Tuesday, December 15, 2015

Cassette Review: Spiteful Womb / Trou "NO NEED FOR A TITLE Vol. 1" (SoundScape713)


[€5 // Edition of 50 // https://soundscape713.bandcamp.com/album/no-need-for-a-title-vol-1-spiteful-womb-trou]

The idea that this cassette is named "NO NEED FOR A TITLE Vol. 1" is funny to me because that in and of itself becomes the title.   Saying, "Hey, we don't need a title" becomes the title, which is certainly a clever way around a title but it is definitely better than those who want things to be self-titled and/or when a split cassette is simply called "split" as if we didn't know.   Well, sometimes I don't know so it's nice to have that as an indicator, but it doesn't need to serve as your only title since I obviously figured out that this was a split cassette.

Spiteful Womb gets thing started on Side A with a static crackling but softly.    This goes into spoken words which I feel are being projected over a PA and that sounds more like at school than at a store in mass retail.    She begins to tell a story but for all of the times I've heard it I can't believe that it truly matters what she's saying.   Boiler room screeches come out next.   There are lasers and it also becomes wavy.    We are taken to a modem-like sea next.    A few more words bring about a solo glo-buzz.    Electronic ghost moans take us into clanks, crashes and scraping in the electric void.   Whirrs bring us to an end and this obviously has a haunting sense to it.

On the flip side we have Trou who are loud static such as the harsh wind tunnel.    This goes on for quite some time and then there is some shuffling but the static just keeps on droning along.    As it comes to the end it just sort of cuts off and stops.    I always like to try and find the connection between the two artists (or the pieces of music they create) when they are part of a split together and so I can't help but think that as haunting and eerie as the Spiteful Womb side might be I can only picture it as being death coming to take someone away in a very real sense.   That place full of those trapped souls, the damned if you will, is what I imagine Trou has created here and it just seems to compliment what Spiteful Womb has done so perfectly.

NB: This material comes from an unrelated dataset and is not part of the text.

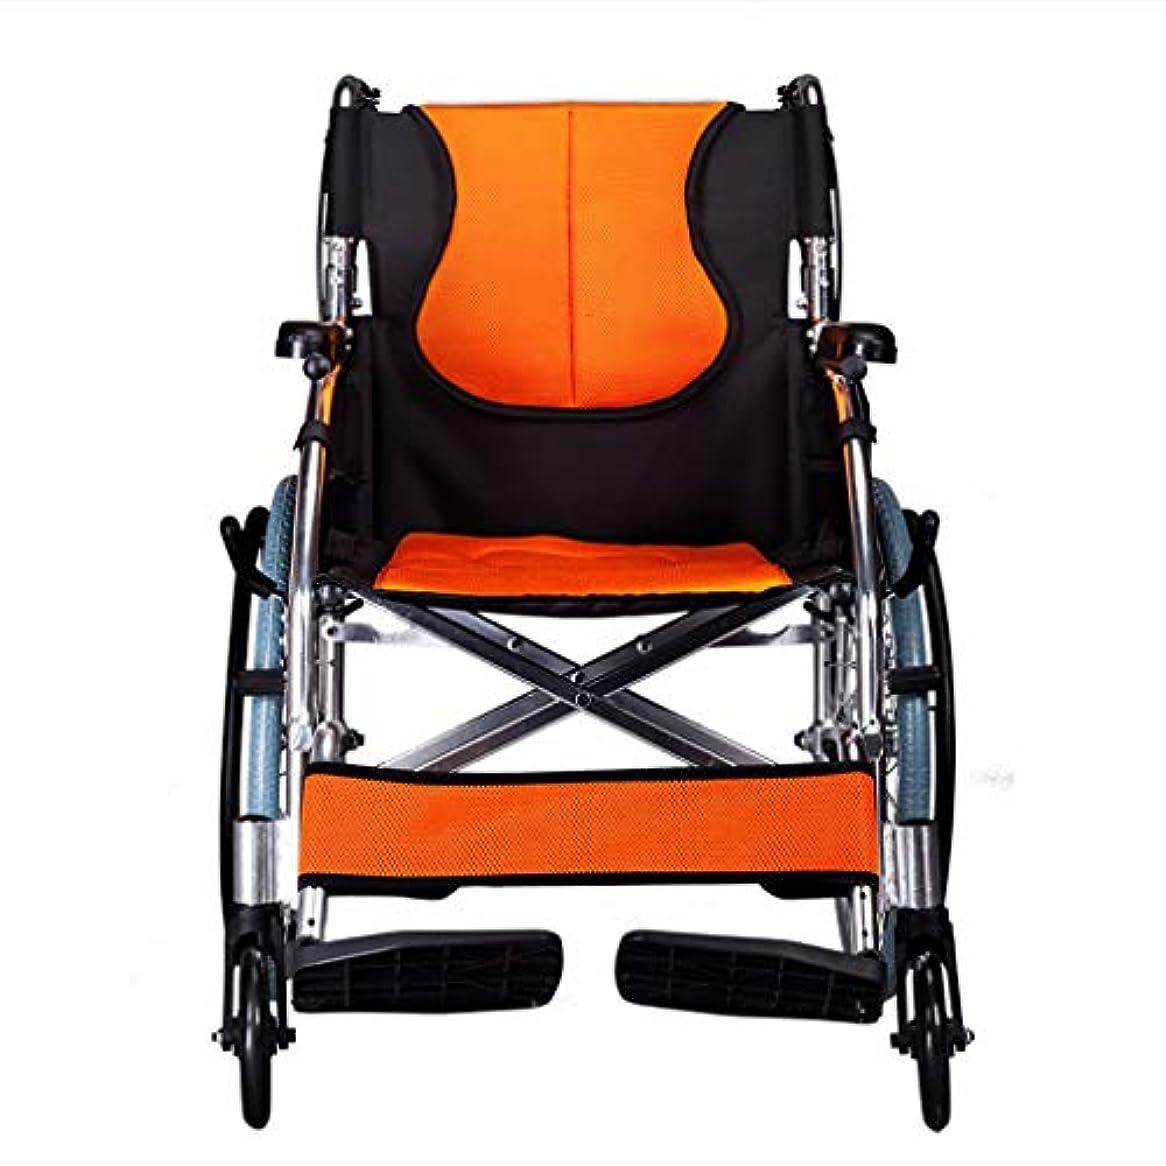 に対処する検索運動する車椅子で折り畳むことができる車椅子、バック収納バッグのデザイン、屋外旅行多機能ハンドプッシュ折りたたみ車椅子

I feel like that's one of my favorite reasons for listening to split cassettes.    The two artists involved could live in different countries or down the street from each other and it doesn't matter in this modern world of technology.    So I always wonder whether or not one knows what the other is doing.   On occasion it has been stated on the Bandcamp but often times it is not.    So you wonder, did Trou hear what Spiteful Womb created and respond accordingly in the sense of "This is going to be Side A so make what you think would follow this as Side B".    Or did they simply just create these pieces to stand alone and is my take on them just a happy coincidence?   Either way (and I don't want to know), it is great how it works out like this and if you're not finding the connections in this split cassette then you are not really listening.